*** Block opens ***

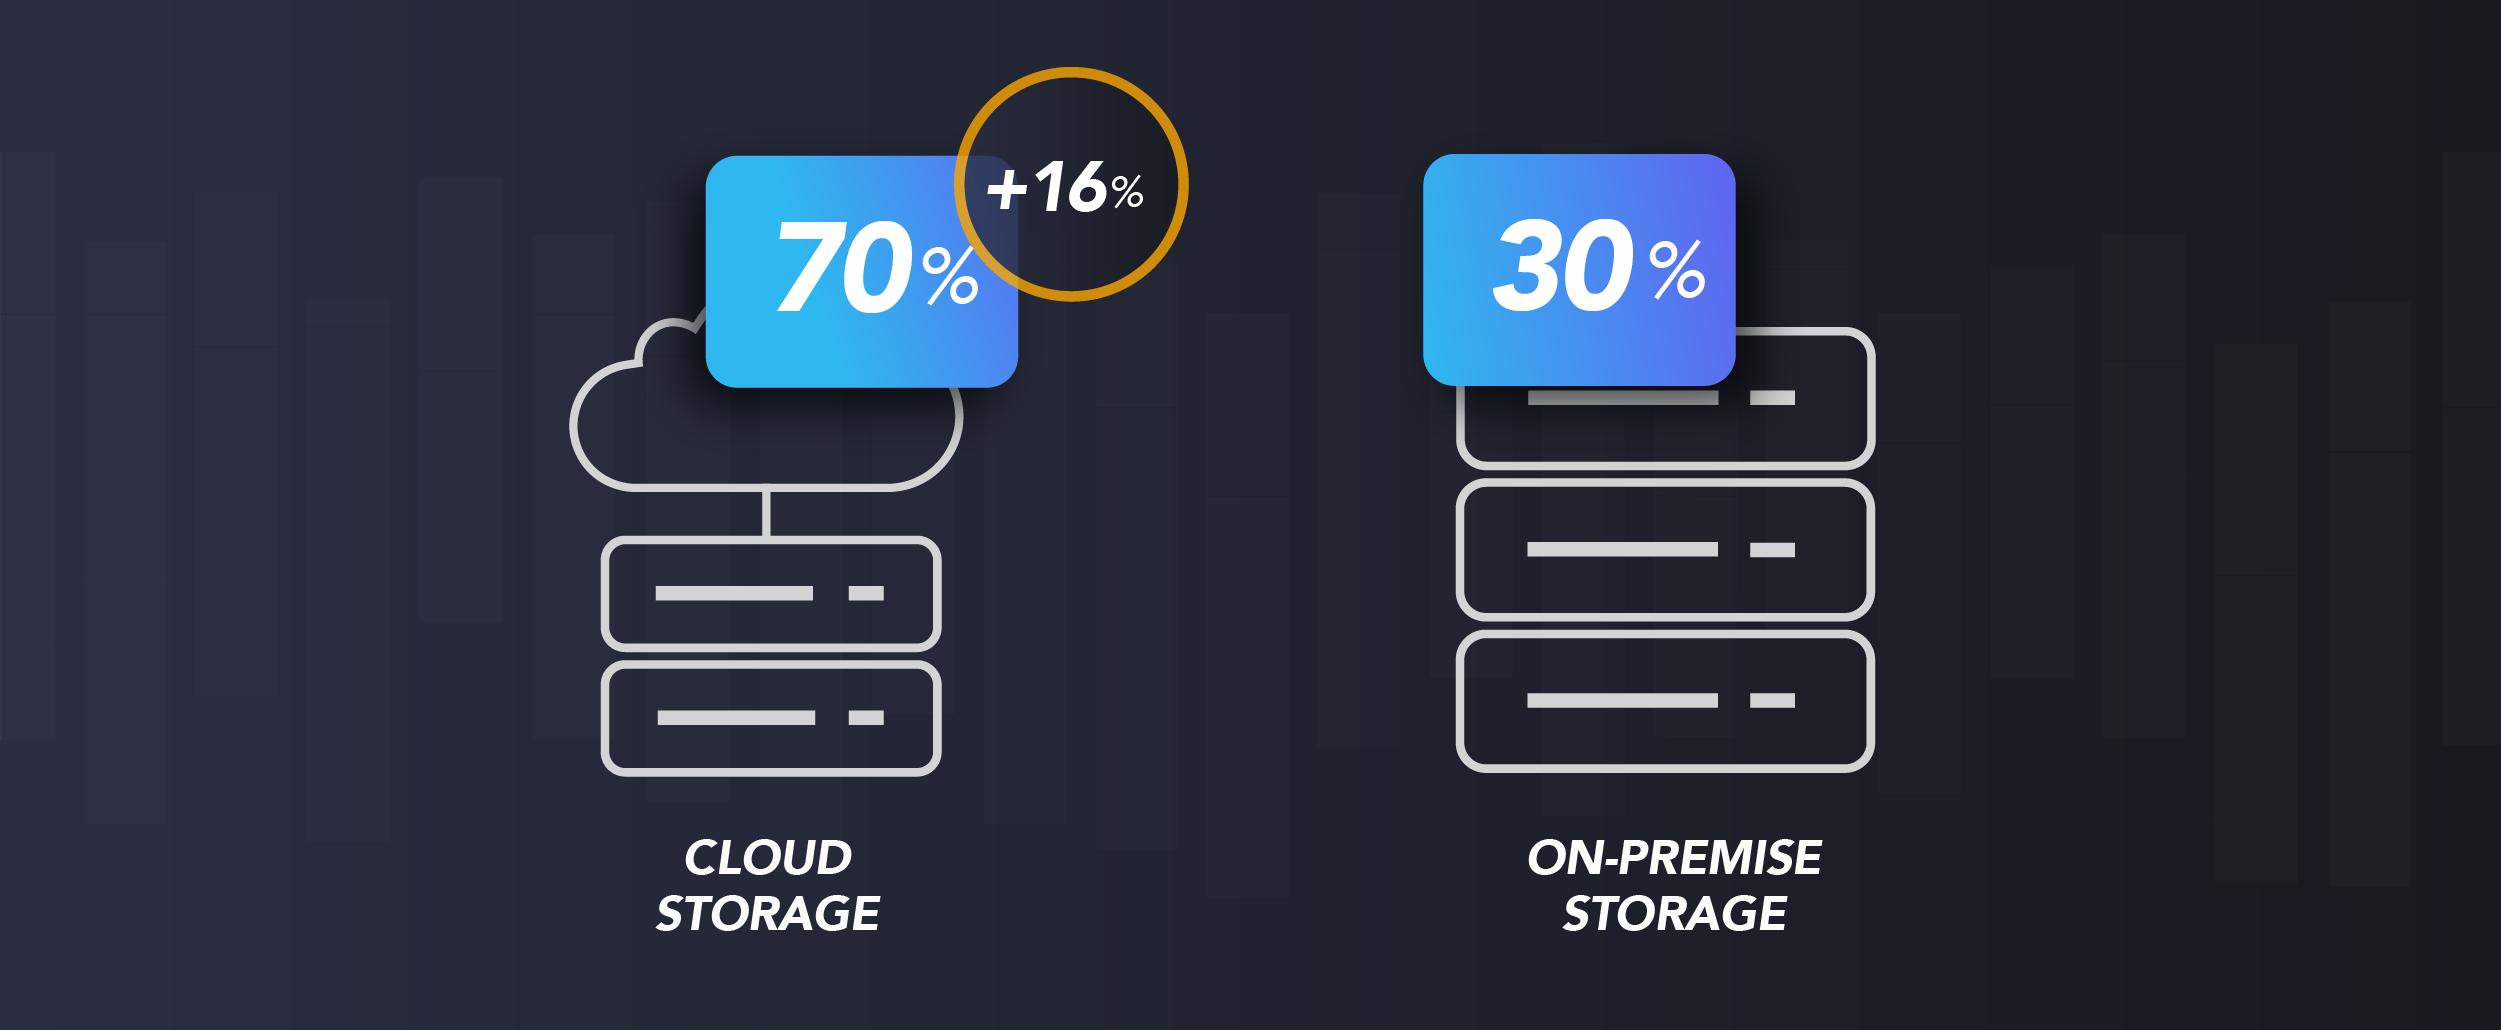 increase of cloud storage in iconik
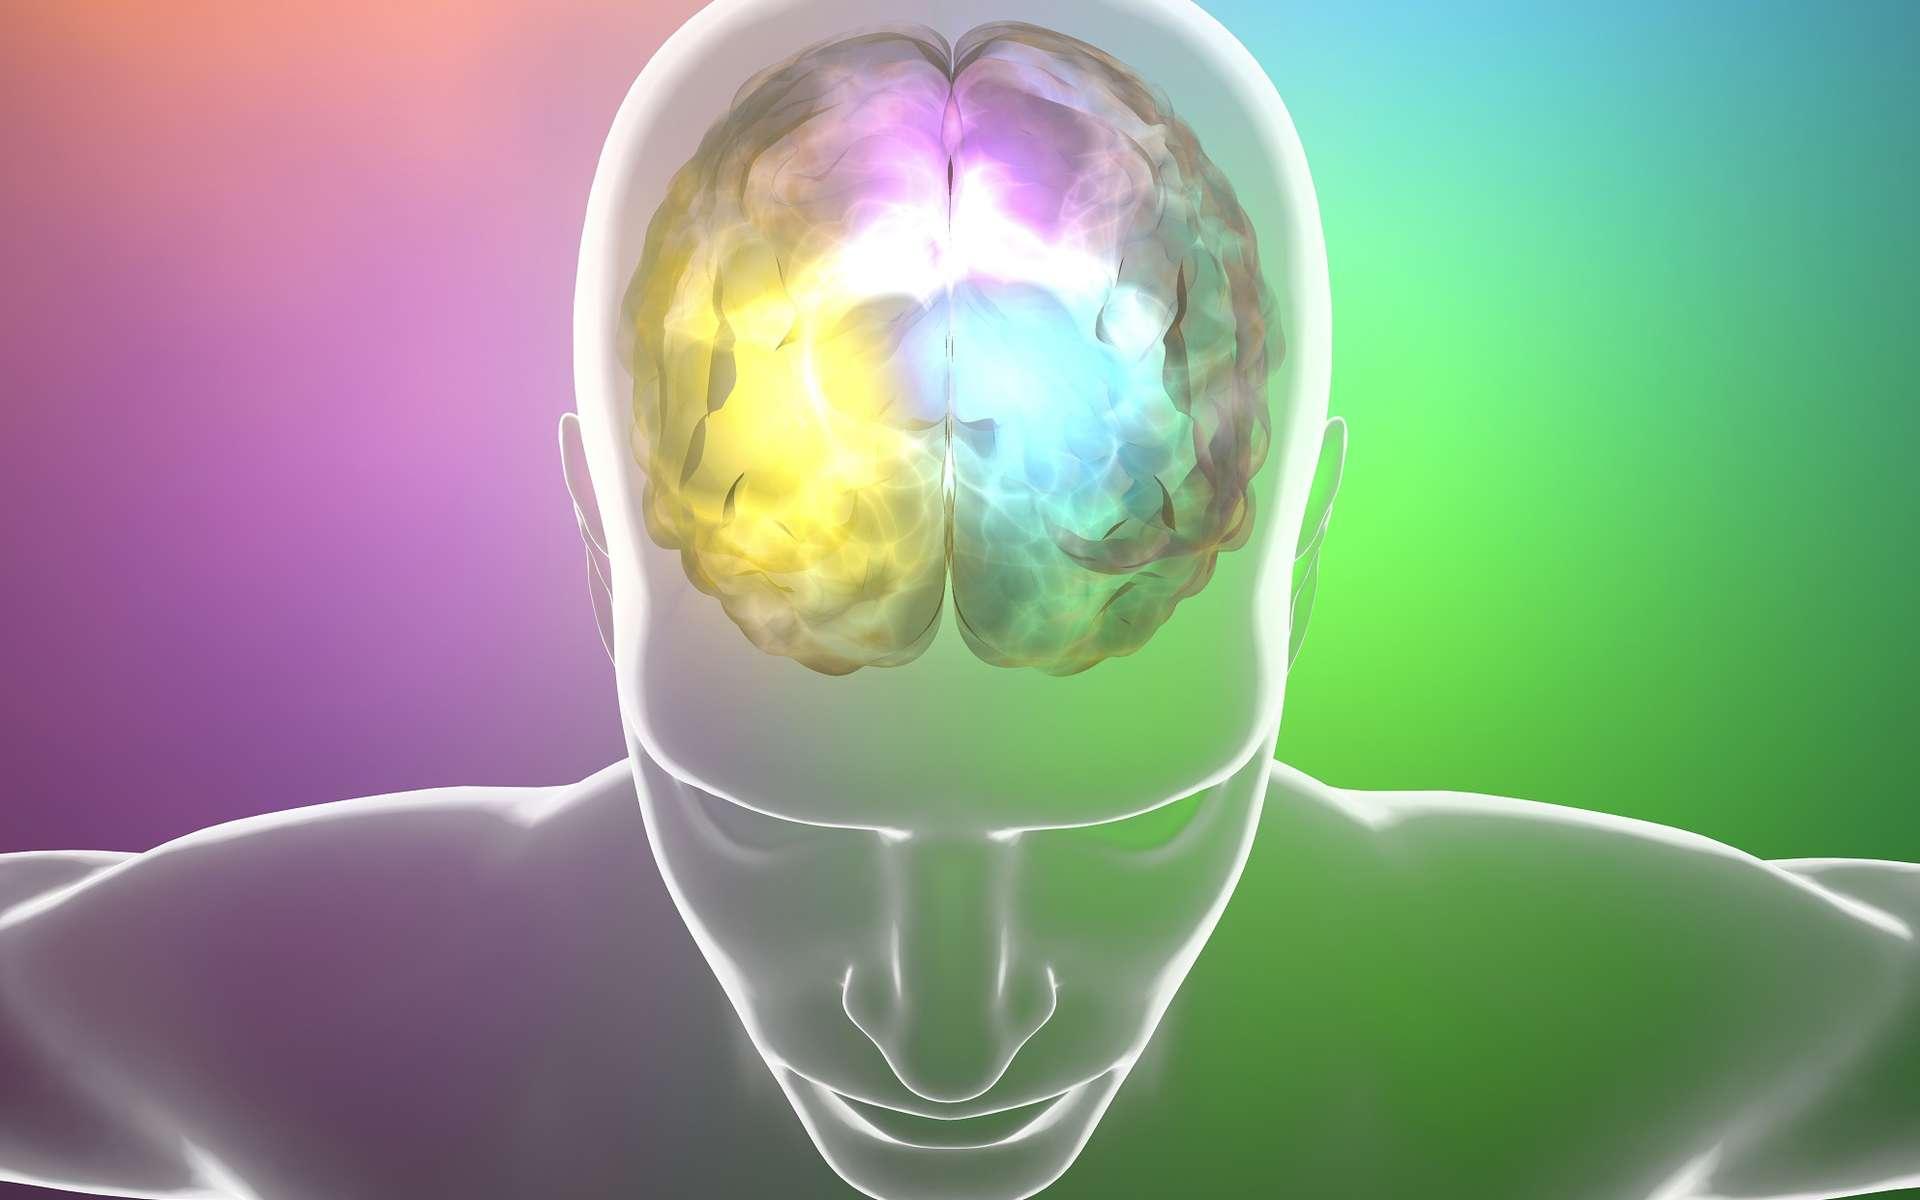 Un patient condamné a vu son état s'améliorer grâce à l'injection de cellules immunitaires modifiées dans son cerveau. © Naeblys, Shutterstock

*** Block closes ***
*** Block opens ***

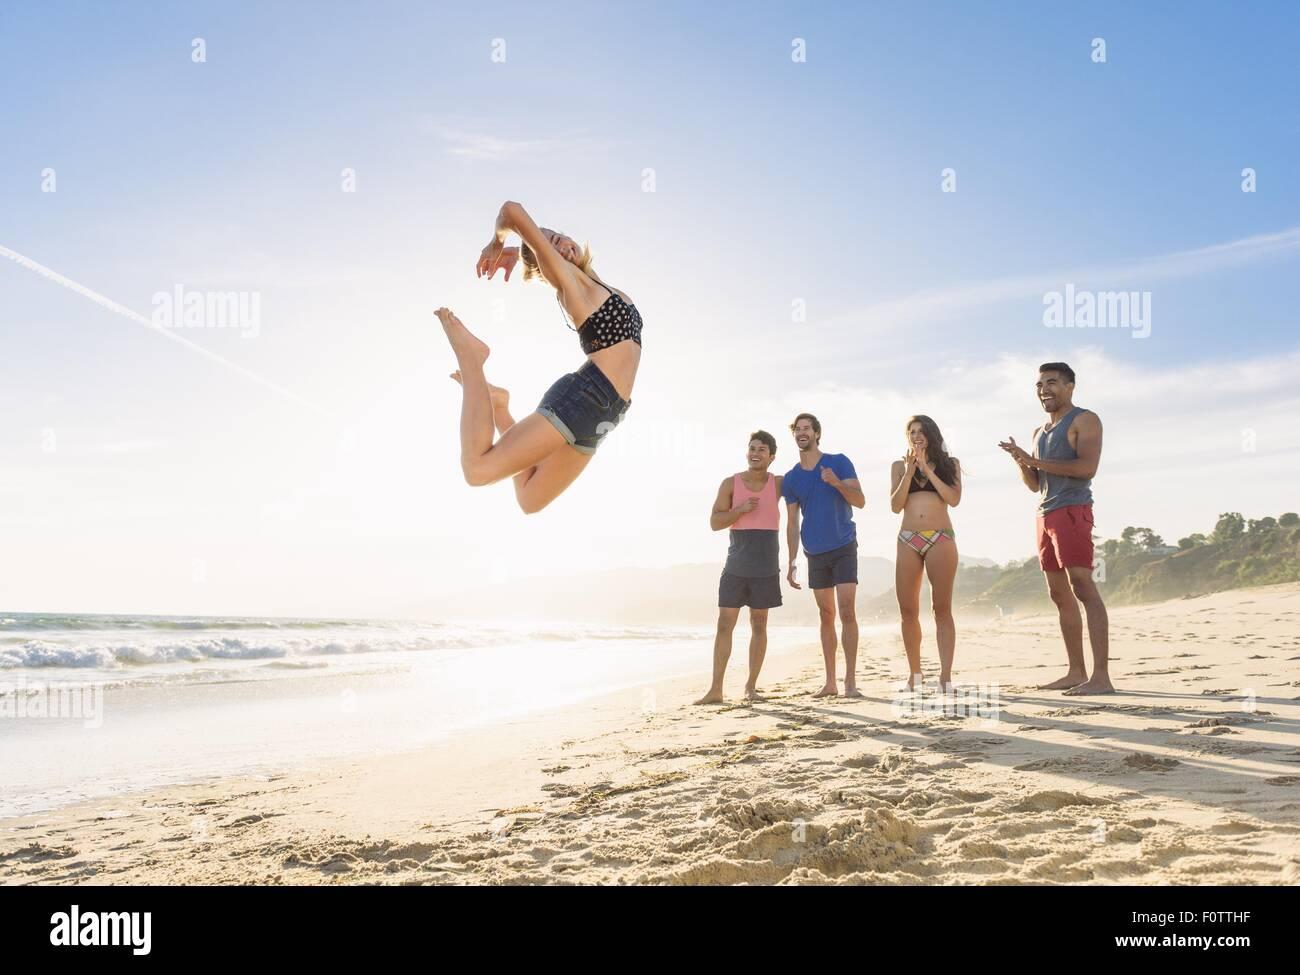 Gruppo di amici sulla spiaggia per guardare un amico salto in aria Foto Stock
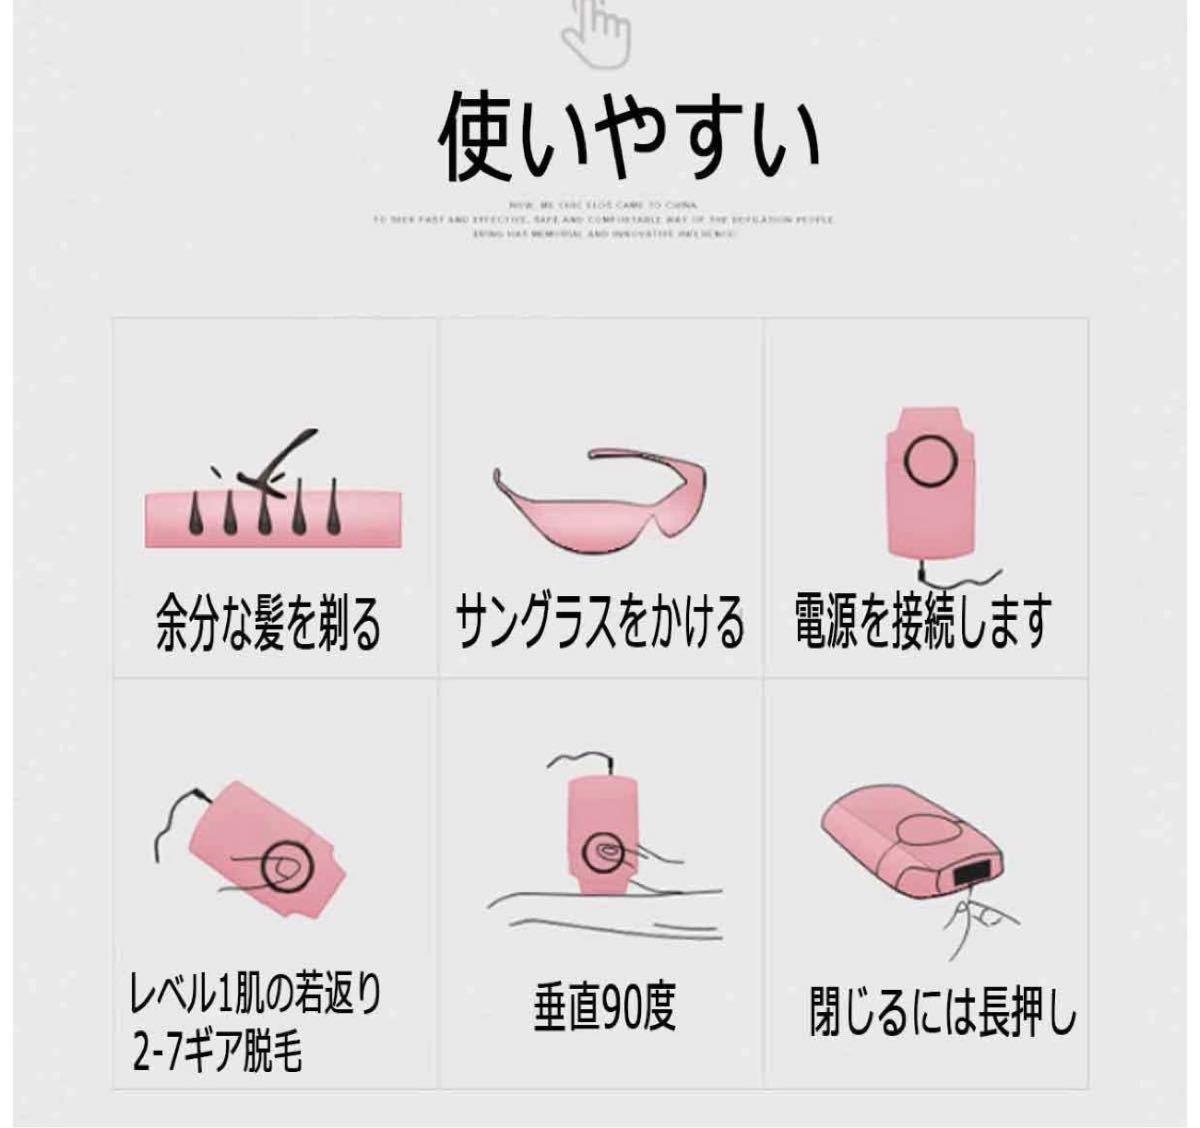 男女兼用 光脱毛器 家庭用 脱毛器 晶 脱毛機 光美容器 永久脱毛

*** Block closes ***

- **Task brief**
Using the data above, retype exactly and only the lines from the one containing "increase of cloud storage in iconik" up to and including the one containing "Un patient condamné", with no pictures carried over.

- **Answer space**
 increase of cloud storage in iconik
 Un patient condamné a vu son état s'améliorer grâce à l'injection de cellules immunitaires modifiées dans son cerveau. © Naeblys, Shutterstock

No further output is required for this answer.